_DATA BLOCK_
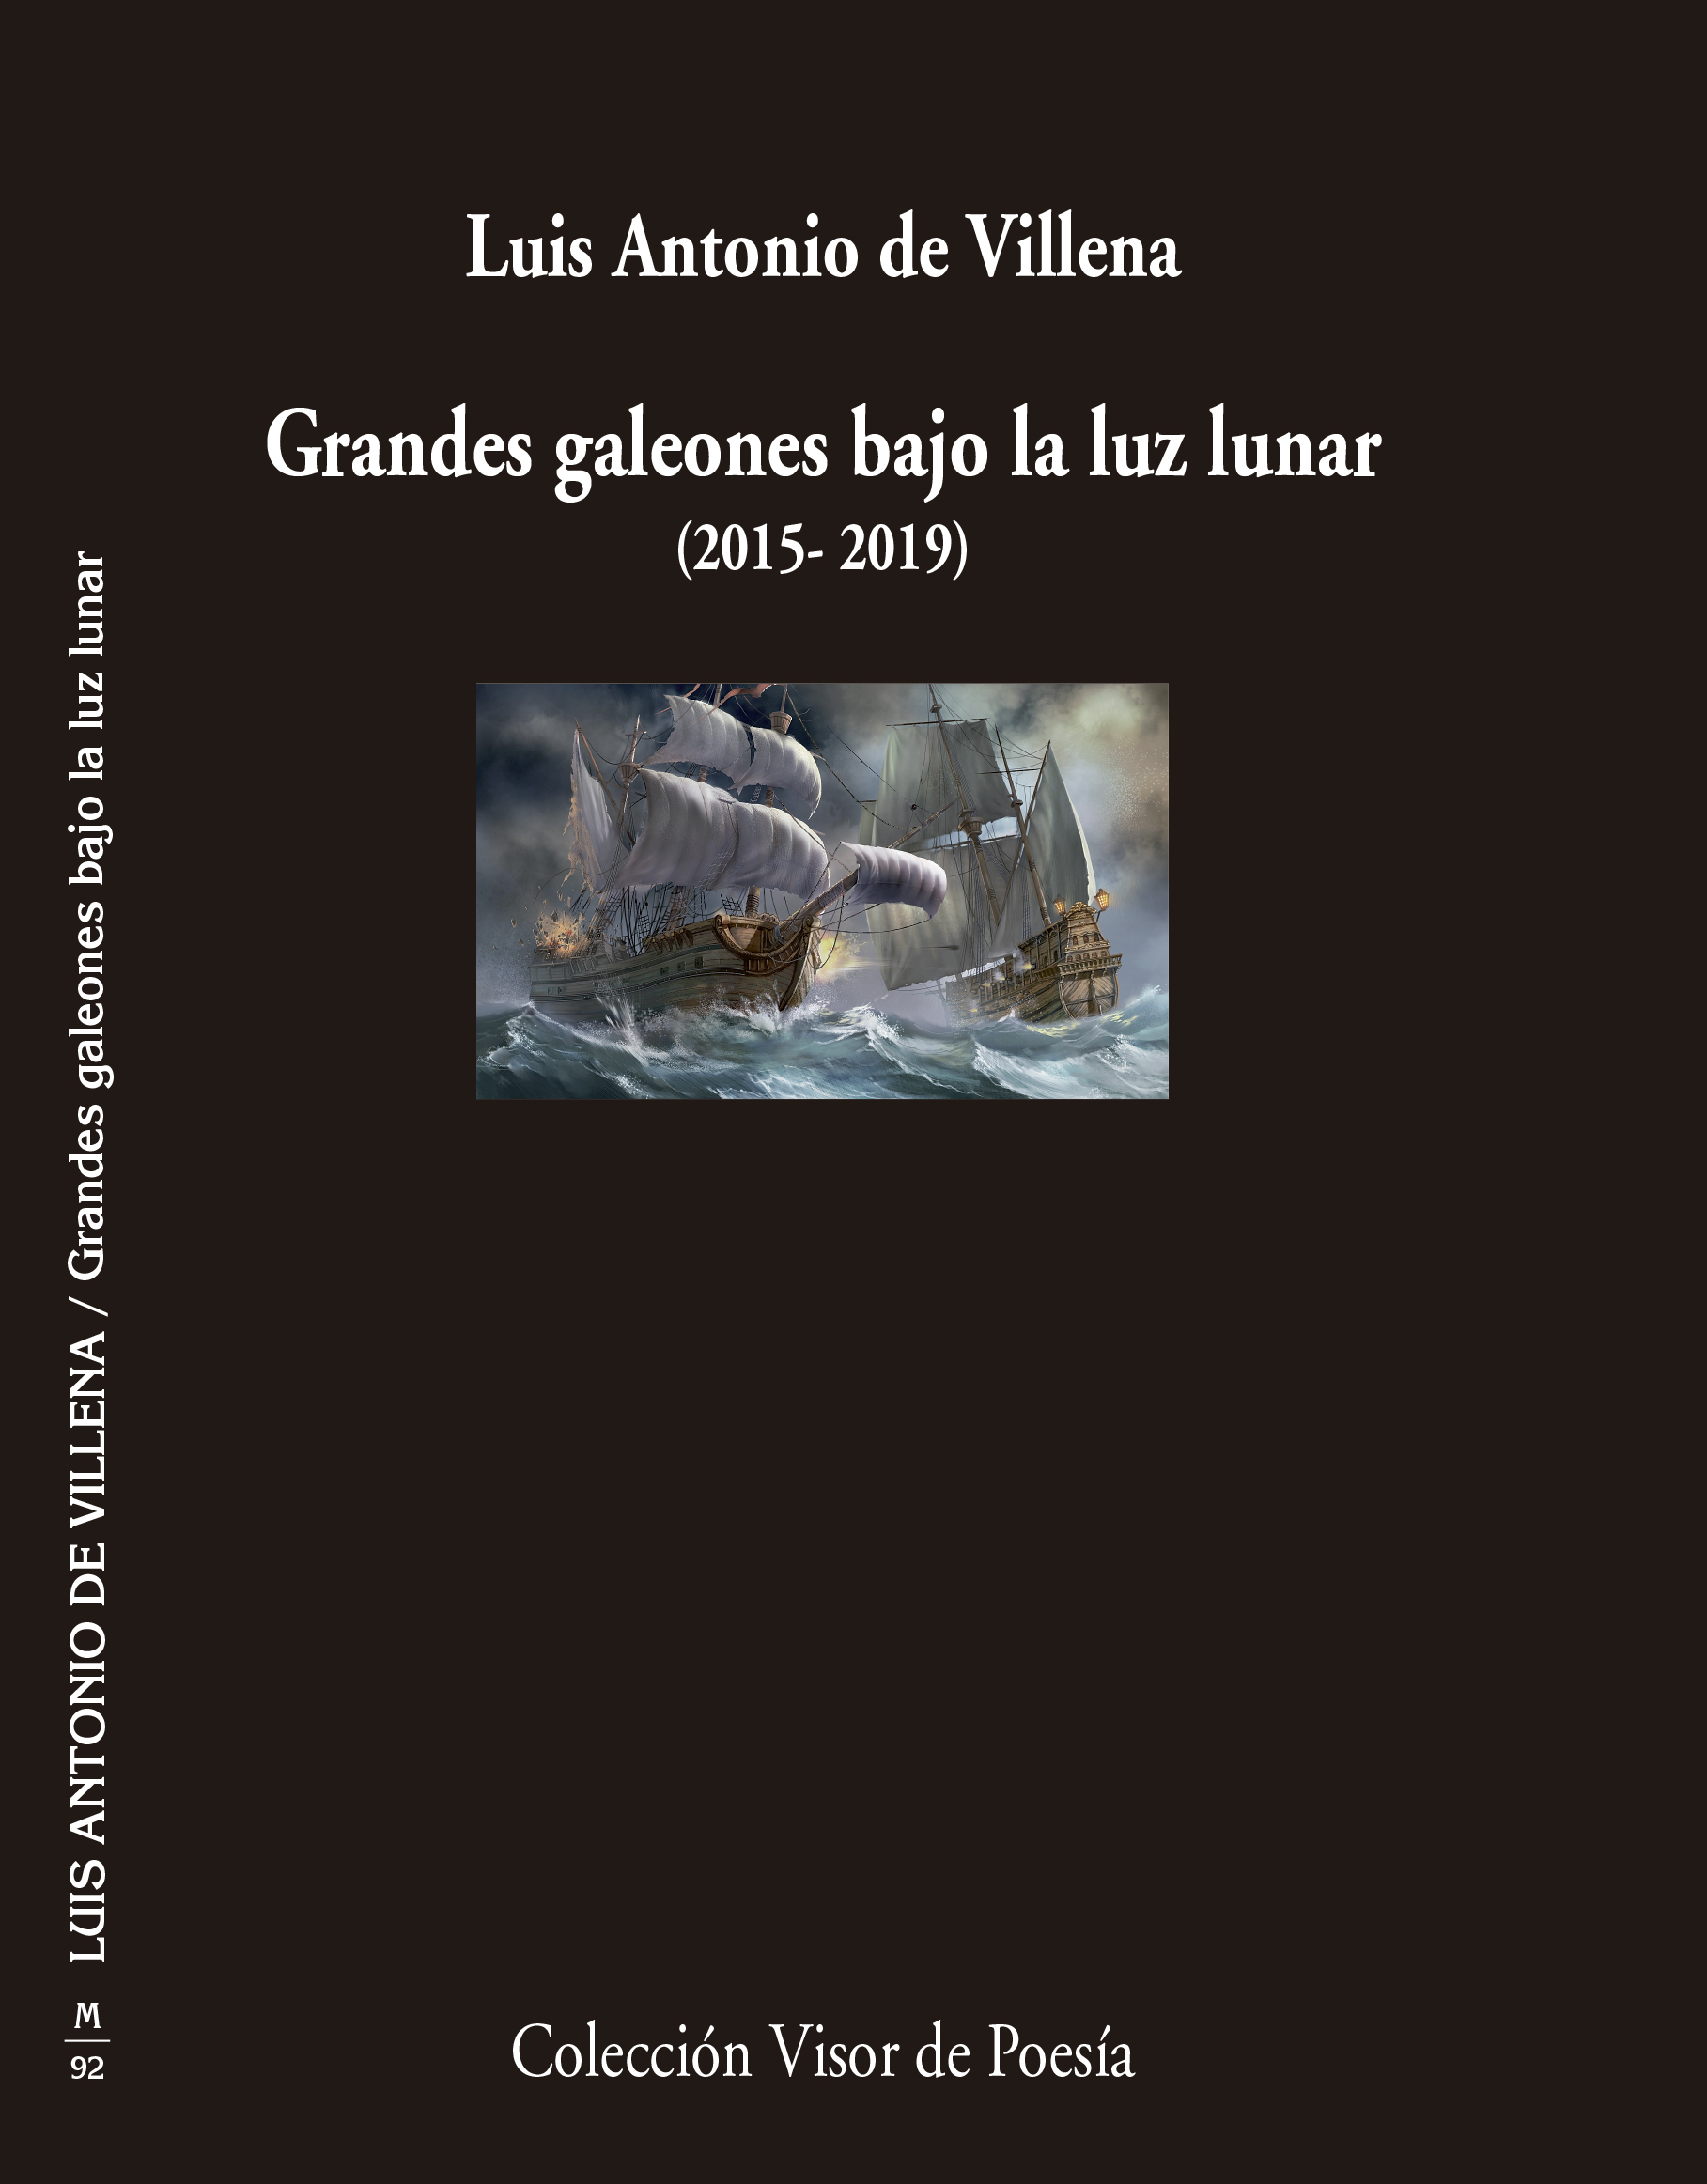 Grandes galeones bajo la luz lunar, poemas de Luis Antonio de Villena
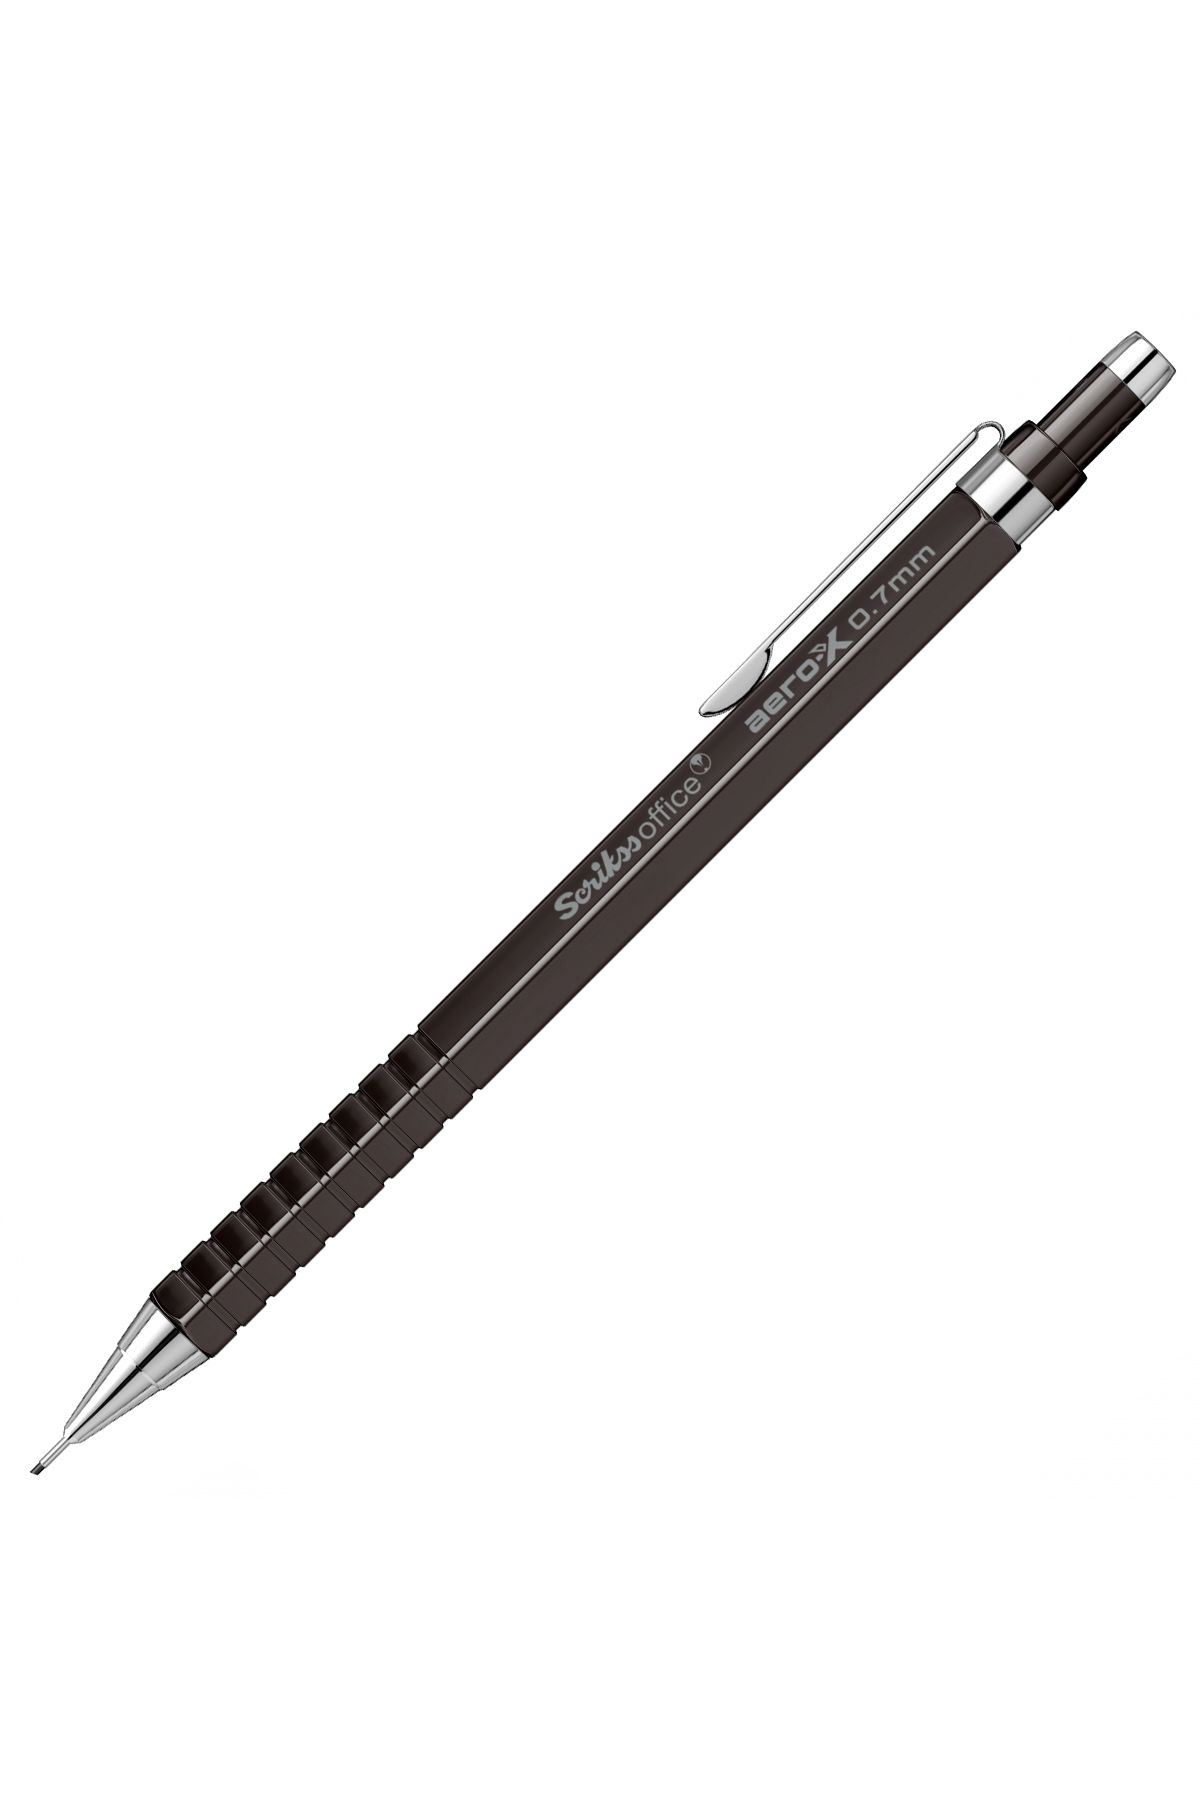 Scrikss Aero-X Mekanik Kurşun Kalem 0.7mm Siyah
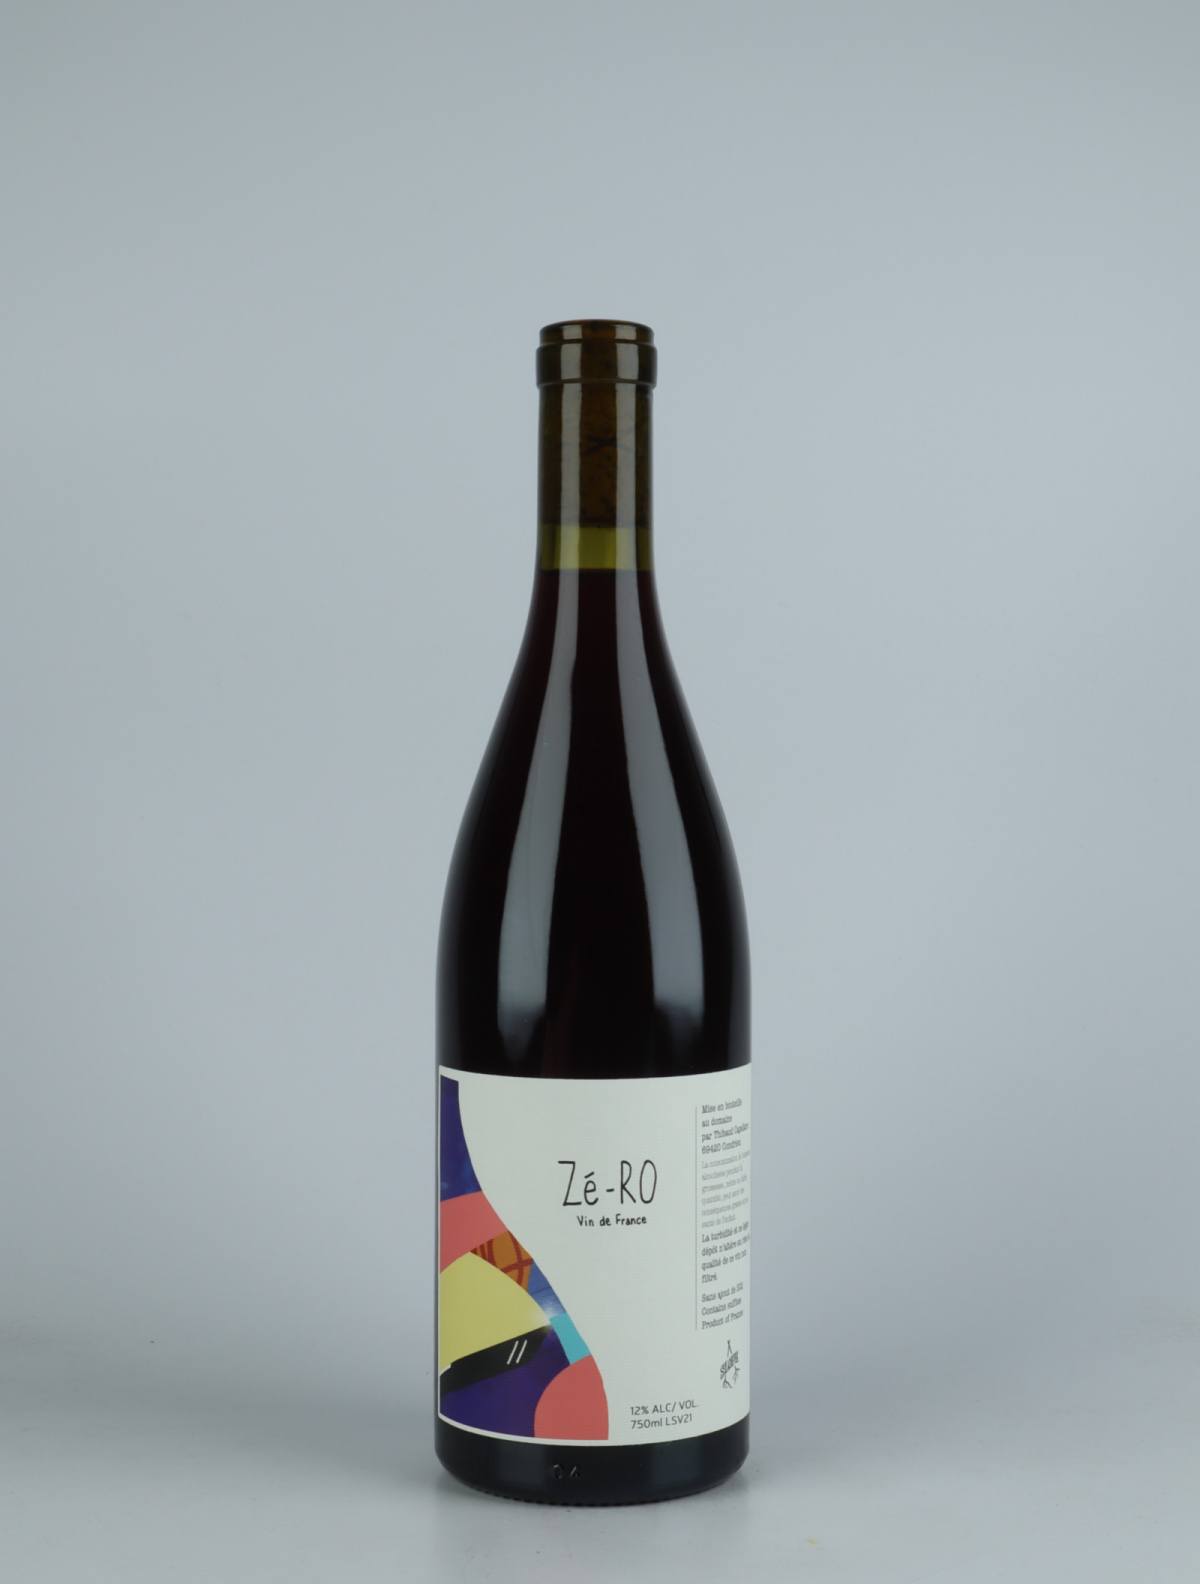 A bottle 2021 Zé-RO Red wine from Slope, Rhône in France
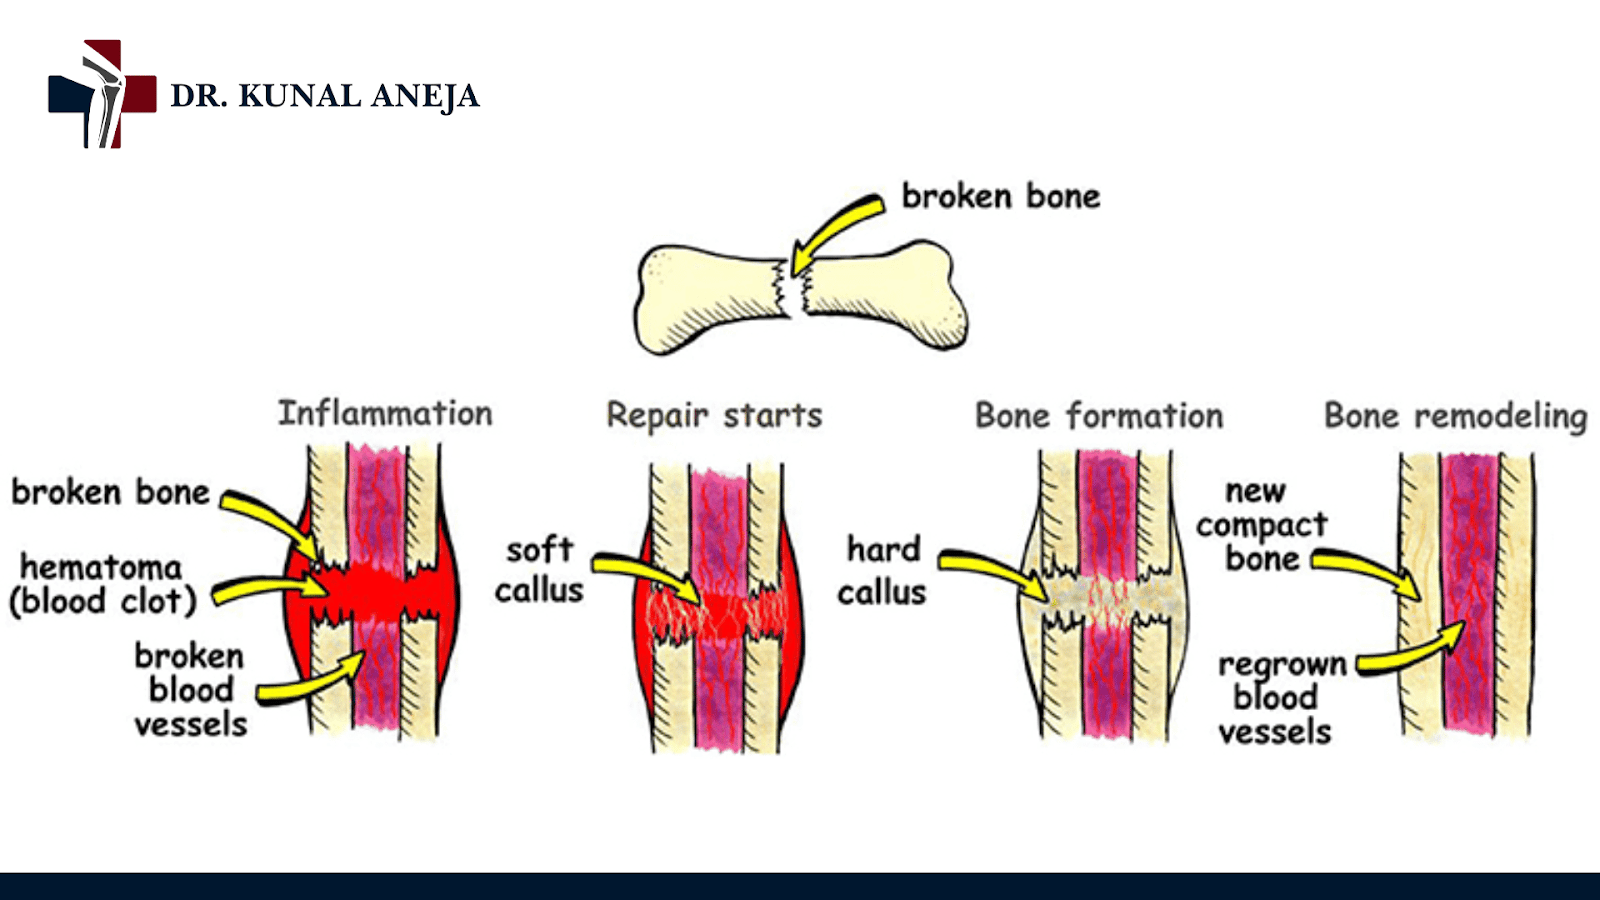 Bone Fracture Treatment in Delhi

_PROBLEM TO WORK ON_
What you return must match the material above exactly, apart from its pictures.

_REPLY TO THE EXERCISE_
 Grandes galeones bajo la luz lunar, poemas de Luis Antonio de Villena
 Scrikss Aero-X Mekanik Kurşun Kalem 0.7mm Siyah
 A bottle 2021 Zé-RO Red wine from Slope, Rhône in France
 Bone Fracture Treatment in Delhi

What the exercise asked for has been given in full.